2.3. Assessment of Predictor Variables
Demographic details included in the study were gender (Male, Female); age (<55, 55–64, 65–74, 75+); ethnic origin (Caucasian, Afro-Caribbean, South Asian, or Other). Lifestyle variables included smoking history or alcohol consumption (current, past, or never) and body mass index (BMI). Clinical variables relating to comorbidities (present or absent) comprised diabetes, hypertension, high cholesterol, chronic respiratory disease, cardiovascular disease, chronic kidney disease, liver disease and previous cancer diagnosis.
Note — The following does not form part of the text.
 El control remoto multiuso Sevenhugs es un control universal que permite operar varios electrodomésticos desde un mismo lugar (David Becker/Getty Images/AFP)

Both lifestyle and comorbidity variables were recorded based on the patient’s status at the time of recruitment in the BPTB.
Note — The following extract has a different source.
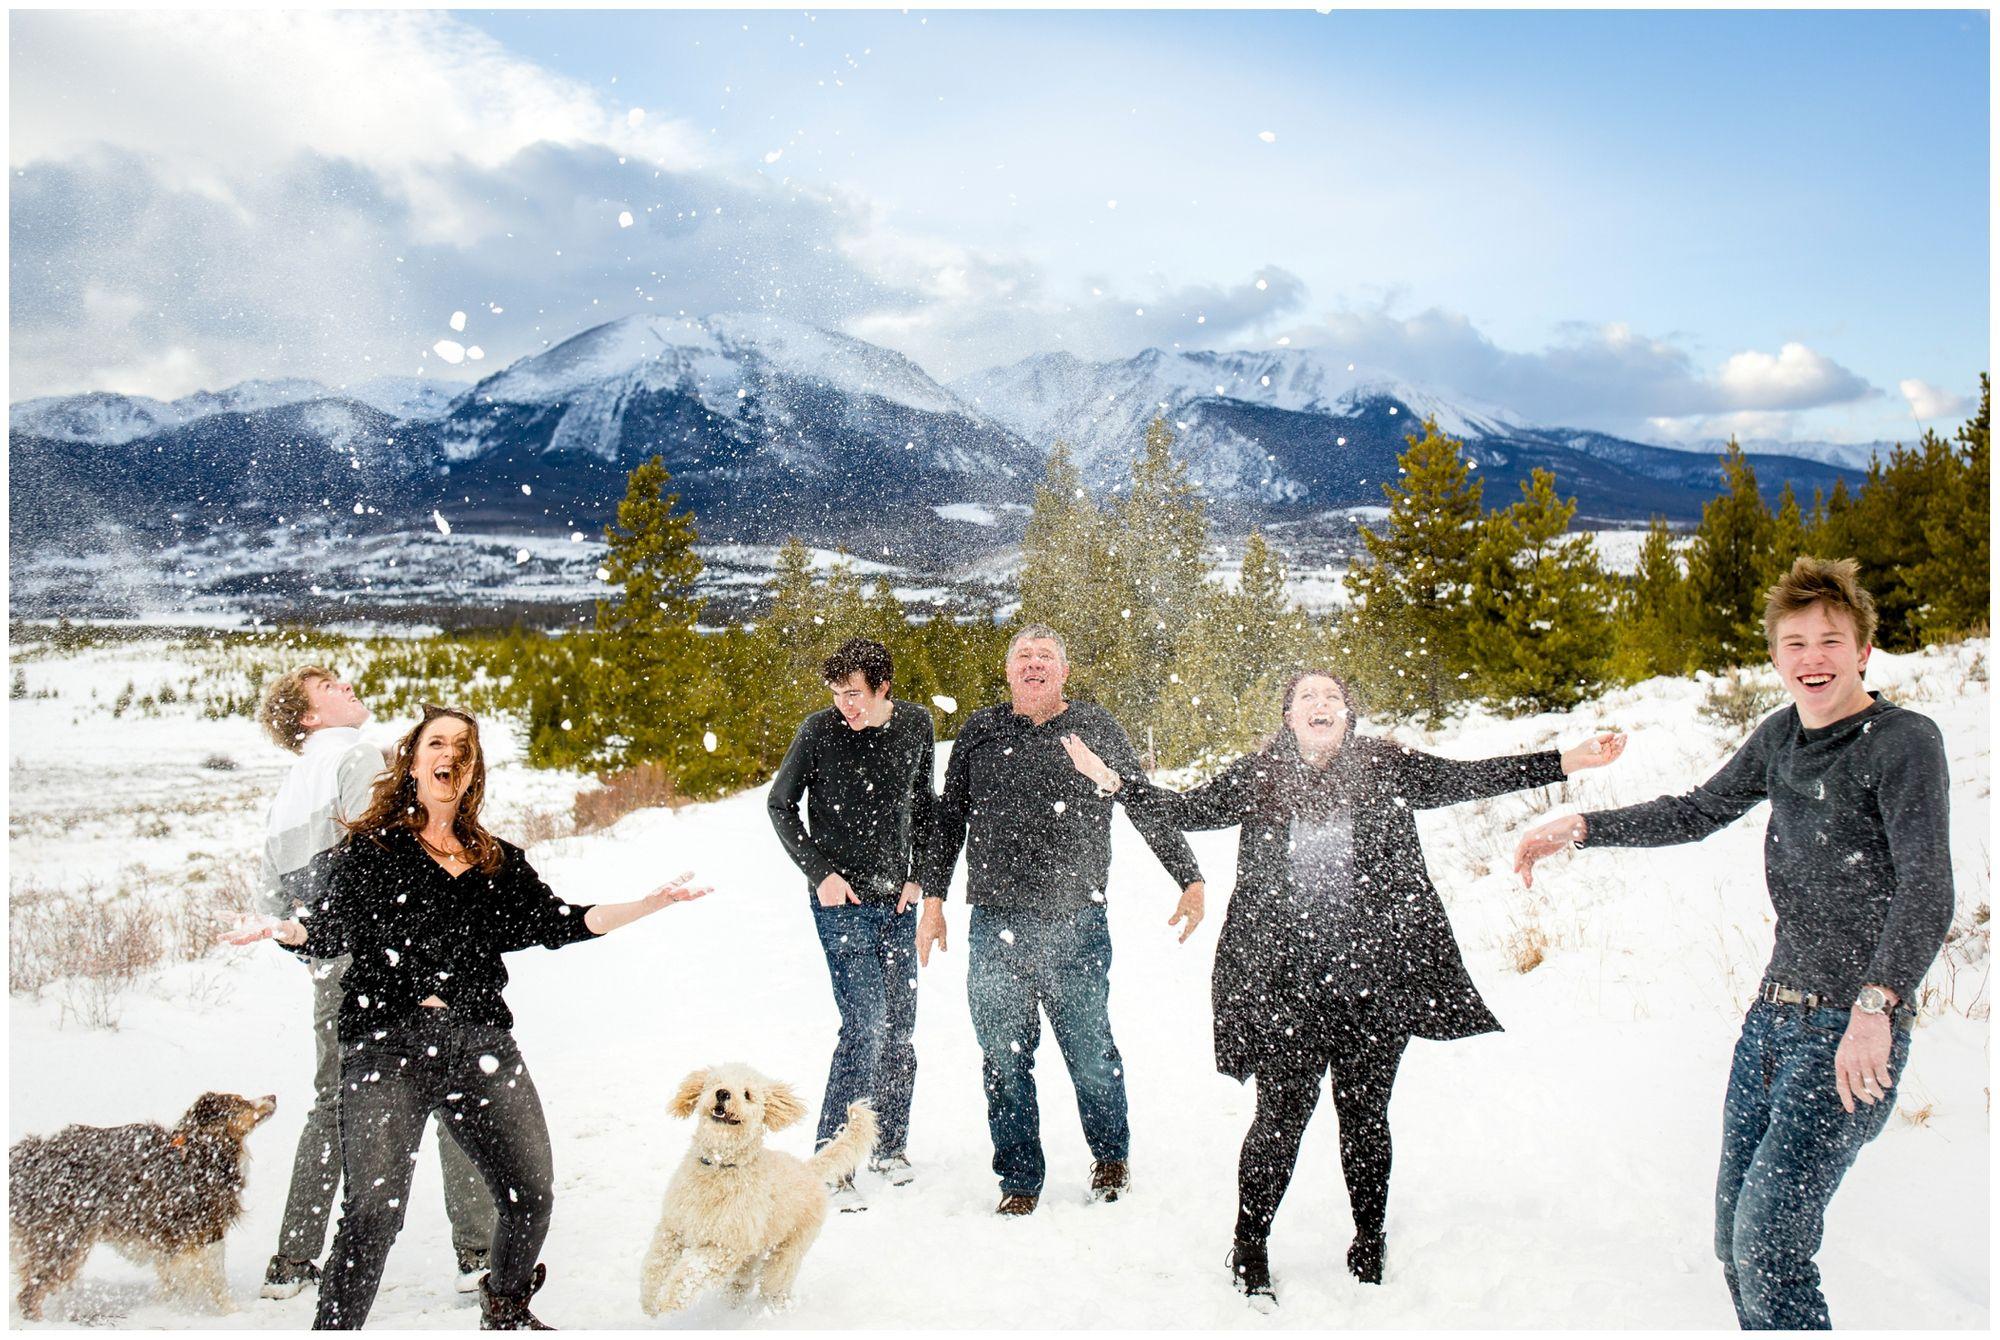 Breckenridge Family Portrait Photographer #winterfamilyphotography

The following eleven symptoms that might herald a diagnosis of gastrointestinal problems were included as binary status (present vs absent): pain, jaundice, weight loss, nausea, vomiting, diarrhoea, constipation, fatigue, loss of appetite, pruritus, and steatorrhea. The presence or absence of these symptoms within the one-year period before recruitment was confirmed in a face-to-face interview with patients. A composite symptom was also derived in the form of a change in bowel habits, manifested in any diarrhoea, constipation, or steatorrhea.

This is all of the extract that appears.